Astronomers believe that these systems don’t experience outbursts because the transfer of mass through the accretion disk happens at a mostly stable rate. This rate of transfer is, however, high compared to other CV systems — meaning that the resulting accretion disk is very bright.

SW Sextantis stars

The variables with the highest rate of accretion disk transfer, SW Sextantis stars display many unusual properties. For example, these stars are edge-on systems. Due to their orientation in space, we see them from the side. 

In a normal edge-on CV system, you see double-peaked emission lines. This is because the gas in one half of the disk is moving towards you, causing it to be blue-shifted, while another is moving away from you, causing it to be red-shifted. SW Sextantis stars, however, show single-peaked emissions lines.

Magnetic CVs

In some cases, the white dwarf in a cataclysmic variable system has a powerful magnetic field. This field disrupts the ionized matter which would normally form the accretion disk. Because the matter is ionized, it can’t cross gravitational field lines, and is instead forced to spin around them.

As a result, the gas from the donor star is threaded onto the lines of the white dwarf’s gravitational field. Then, it streams directly towards the dwarf’s magnetic poles. 

The small accretion regions generated at the poles of the white dwarf are not as large or bright as the typical accretion disk, but they can still generate a large portion of the CV system’s overall light. 

These accretion regions also generate significant X-ray emissions. X-ray satellites can detect these emissions — allowing scientists to pinpoint new magnetic CV systems.

Types of Magnetic CVs

In some magnetic CV systems, called polar systems, the white dwarf’s magnetic field is so strong that no accretion disk can form. Polar systems allow scientists to observe interactions between high-density plasmas and extremely strong magnetic fields.

Another distinctive feature of these systems is that the light they produce is both linearly and circularly polarized. This is how they get their name “polar systems” since the light produced is unlike natural light.

Scientists believe that the white dwarfs in intermediate polar systems may have weaker magnetic fields than the white dwarfs in traditional polar CV systems. 
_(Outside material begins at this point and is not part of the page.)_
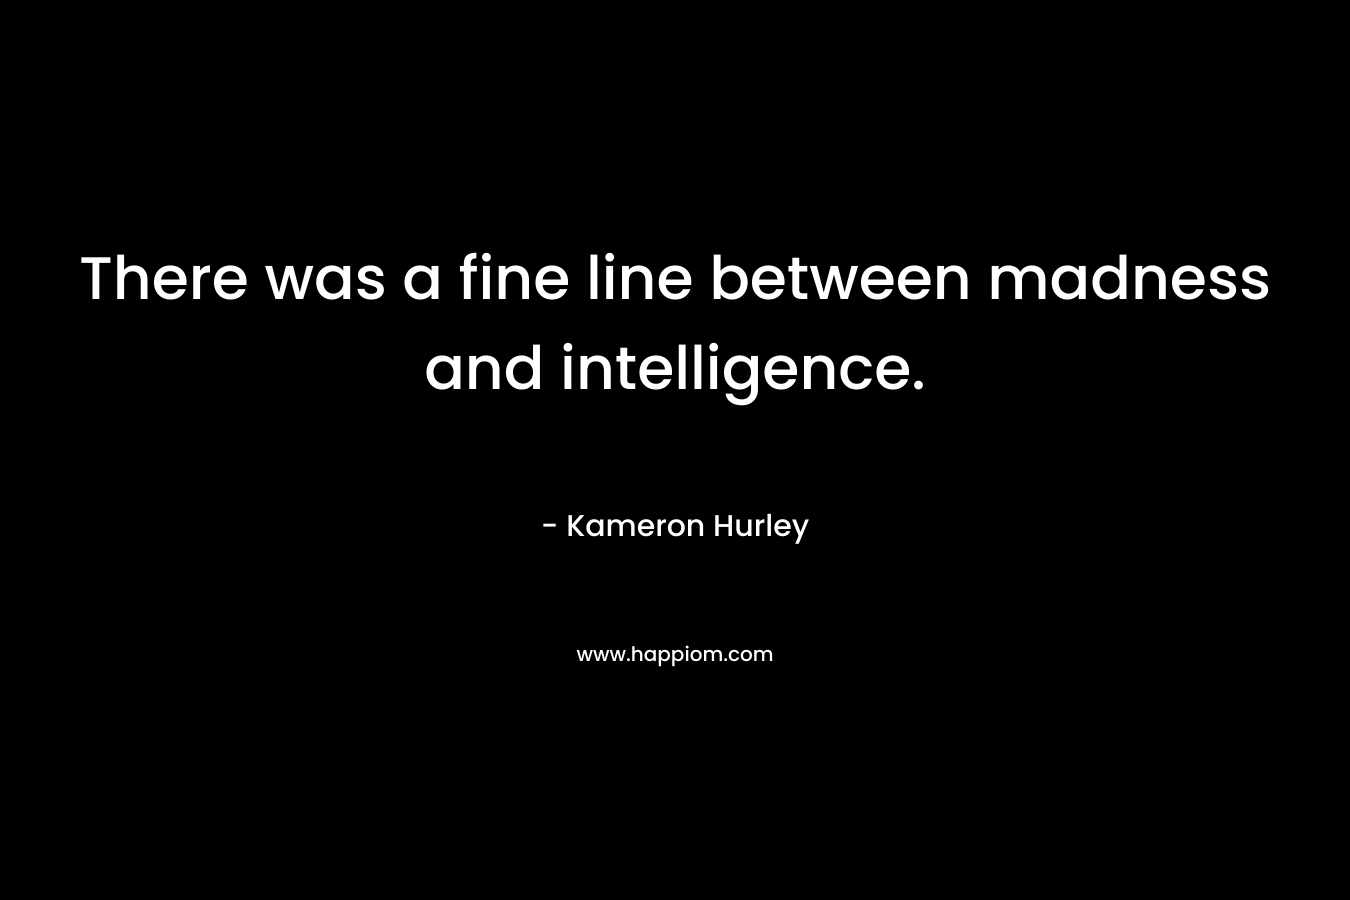 There was a fine line between madness and intelligence. – Kameron Hurley
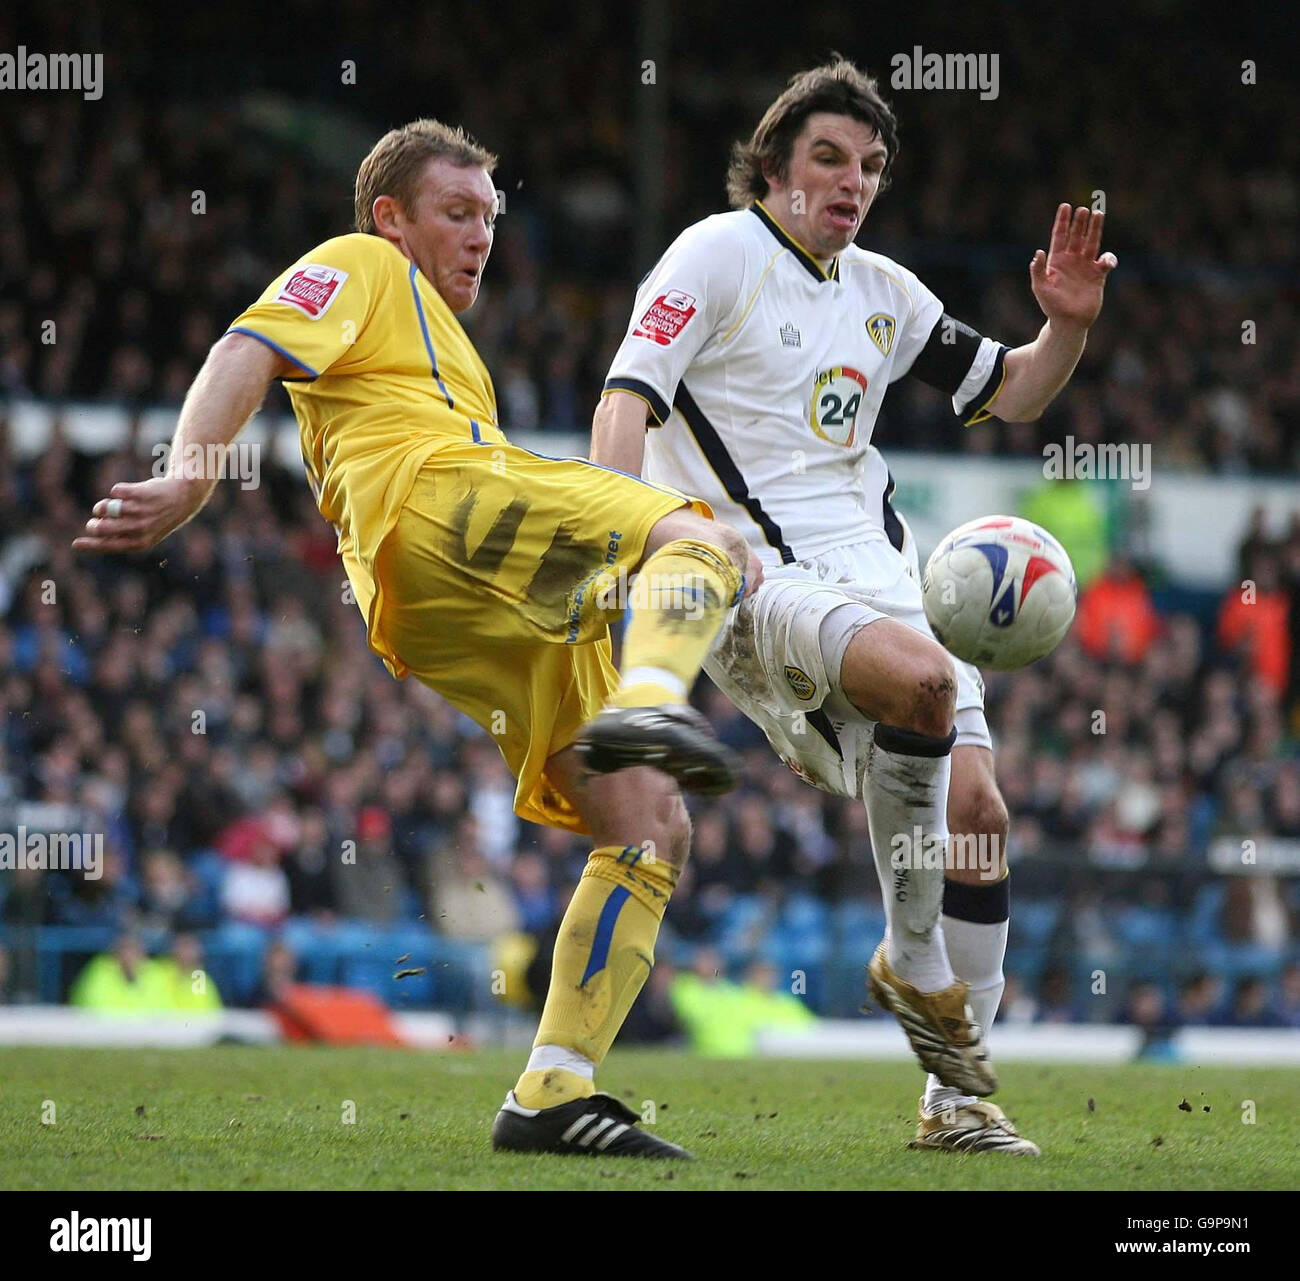 Leeds United's Jonathan Dougla (right)s and Sheffield Wednesday's Steve Watson battle for the ball during the Coca-Cola Football League Championship match at Elland Road, Leeds. Stock Photo

The weaker magnetic fields allow an accretion disk to form, unlike in polar systems. However, the magnetic field of the white dwarf still interrupts the disk, creating a gap between the inner edge of the disk and the white dwarf.

Some scientists believe that intermediate polars may eventually evolve into polars as the donor shrinks and the distance between the two stars becomes smaller. Over time, as the stars get closer, the accretion disk may diminish in size until it disappears.

What We May Learn About Cataclysmic Variables

Cataclysmic variables are a highly diverse group of binary star systems. They’re instantly identifiable by their combination of a red dwarf, white dwarf and (typically) a bright accretion disk. 

All systems involve a donor star and a white dwarf, but the specifics of the system can vary significantly. CVs in which the white dwarf has a strong magnetic field can have extremely unusual properties. 

Scientists are also discovering new CVs all the time. Scientists have already identified several types of CVs have already been identified — including novae, dwarf novae and polar systems. The discovery of additional CVs may prompt scientists to create new CV categories.